We have stated that defense counsel and the court have a duty to inform a defendant of the direct consequences of a plea. State v. Ginebra, 511 So.2d 960, 960-61 (Fla.1987), superseded by In re Amendments to Fla. Rules of Crim. Pro., 536 So.2d 992 (Fla.1988), as recognized in State v. DeAbreu, 613 So.2d 453 (Fla.1993). However, in Major v. State, 814 So.2d 424, 426-27 (Fla.2002), we reiterated that the law does not require a defendant to be informed of collateral consequences and determined that the potential for sentence enhancement for a future crime is just such a collateral consequence. Thus, we held, in answer to a certified question, that "neither the trial court nor counsel has a duty to advise a defendant that the defendant's plea in a pending case may have *1196 sentence enhancing consequences on a sentence imposed for a crime committed in the future." Id. at 431.

With that question resolved, all five district courts of appeal began grappling with the question of whether a defense counsel's providing wrong advice about this collateral effect constitutes ineffective assistance of counsel. Three courts—the Second, Third, and Fifth—have held that defense counsel's providing erroneous advice about the potential for use of a conviction to enhance the sentence for a future crime does not constitute ineffective assistance of counsel or render a plea involuntary. See Stansel v. State, 825 So.2d 1007, 1009-10 (Fla. 2d DCA 2002) ("Even in cases where defense counsel mistakenly informs the defendant that his guilty plea cannot be used to enhance a subsequent sentence, we believe public policy demands that the defendant bear the consequences of his decision to commit future crimes."); Scott v. State, 813 So.2d 1025, 1026 (Fla. 3d DCA 2002) ("A defendant is not entitled to relief where he has been given affirmative misadvice regarding the possible sentence-enhancing consequences of a plea in the event that the defendant commits a new crime in the future."); McKowen v. State, 831 So.2d 794, 796 (Fla. 5th DCA 2002) (concluding "that a defendant is not entitled to receive postconviction relief based on a claim that he relied on the misadvice of counsel that his plea would have no adverse sentencing effect should he decide to commit future crimes"). The Fourth District Court of Appeal, however, has held that this affirmative misadvice claim is a valid ineffective assistance claim on which relief may be granted. See Smith v.
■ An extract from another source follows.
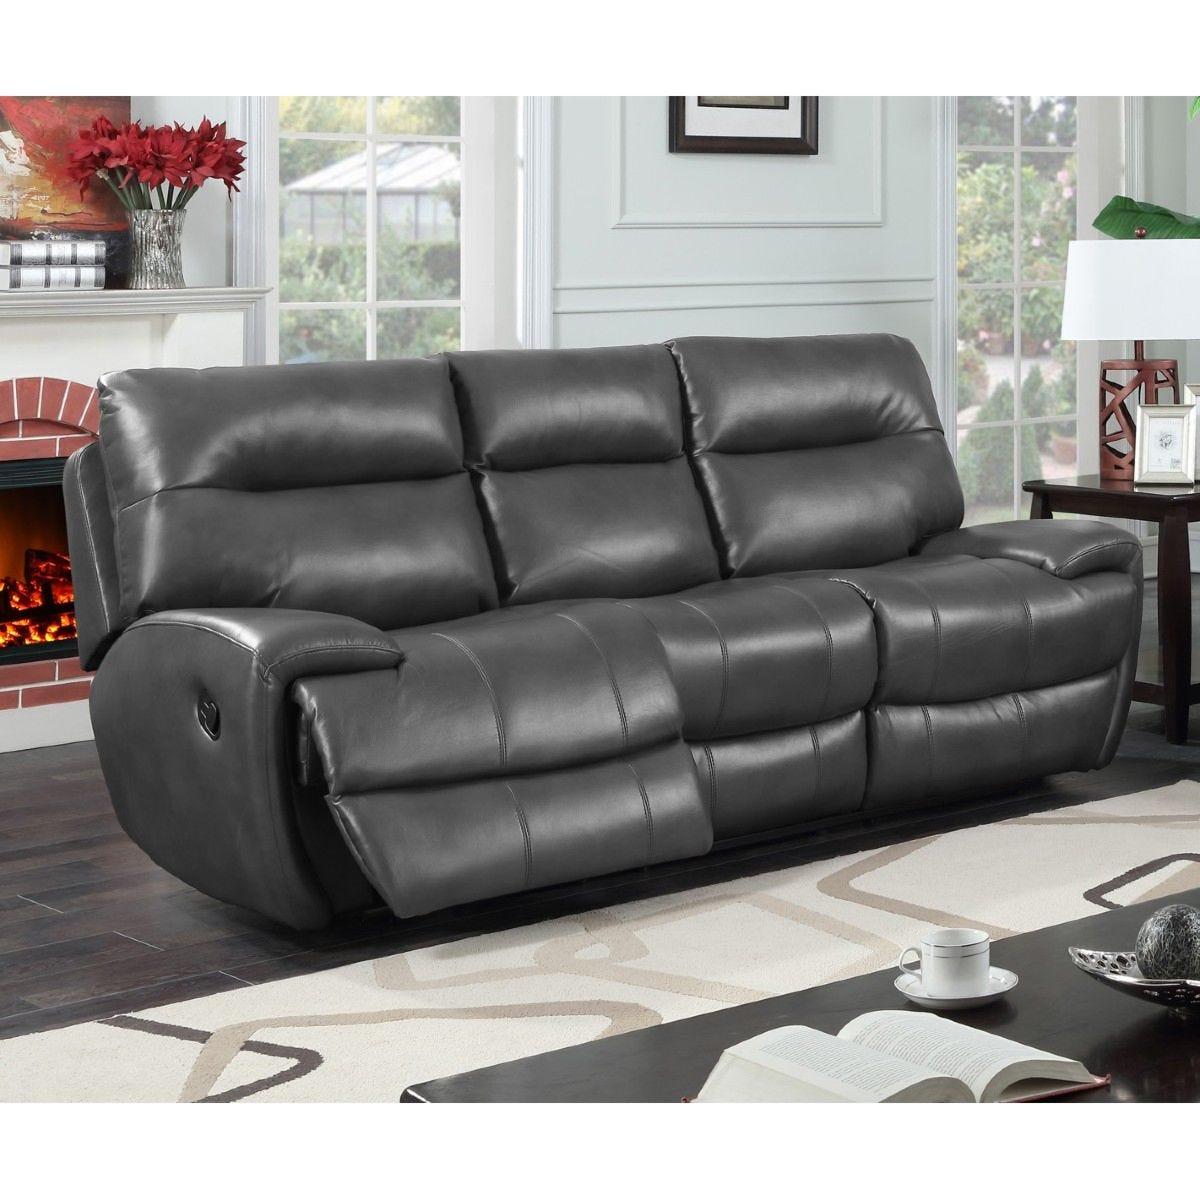 Bampton Recliner 3 Seater Faux Leather Sofa Grey

State, 829 So.2d 940, 941 (Fla. 4th DCA 2002) (citing cases).

Finally, the First District originally aligned itself with the Second, Third, and Fifth Districts. See Bates, 818 So.2d at 630-631. In Bates, the district court also certified the question presented here. On review, we quashed the decision on other grounds, finding that Bates's petition for writ of error coram nobis was untimely and therefore procedurally barred. 887 So.2d at 1215.

In the case under review, the First District again considered the issue, and now reached the opposite conclusion. See Dickey, 30 Fla. L. Weekly at D444. The court held "that allegations of affirmative misadvice by trial counsel on the sentence-enhancing consequences of a defendant's plea for future criminal behavior in an otherwise facially sufficient motion are cognizable as an ineffective assistance of counsel claim." Id. Thus, the First District agreed with the Fourth District, certified conflict with the other district courts, and also certified the question to this Court. Id. at D444, D446. We now answer the certified question.

III. STRICKLAND AND THE CERTIFIED QUESTION

In Strickland, the Supreme Court created a two-pronged test for determining whether defense counsel provided constitutionally deficient assistance to a defendant. 466 U.S. 687, 104 S.Ct. 2052. First, the defendant must establish specific acts or omissions of counsel that were "so serious that counsel was not functioning as the `counsel' guaranteed the defendant by the Sixth Amendment." Id.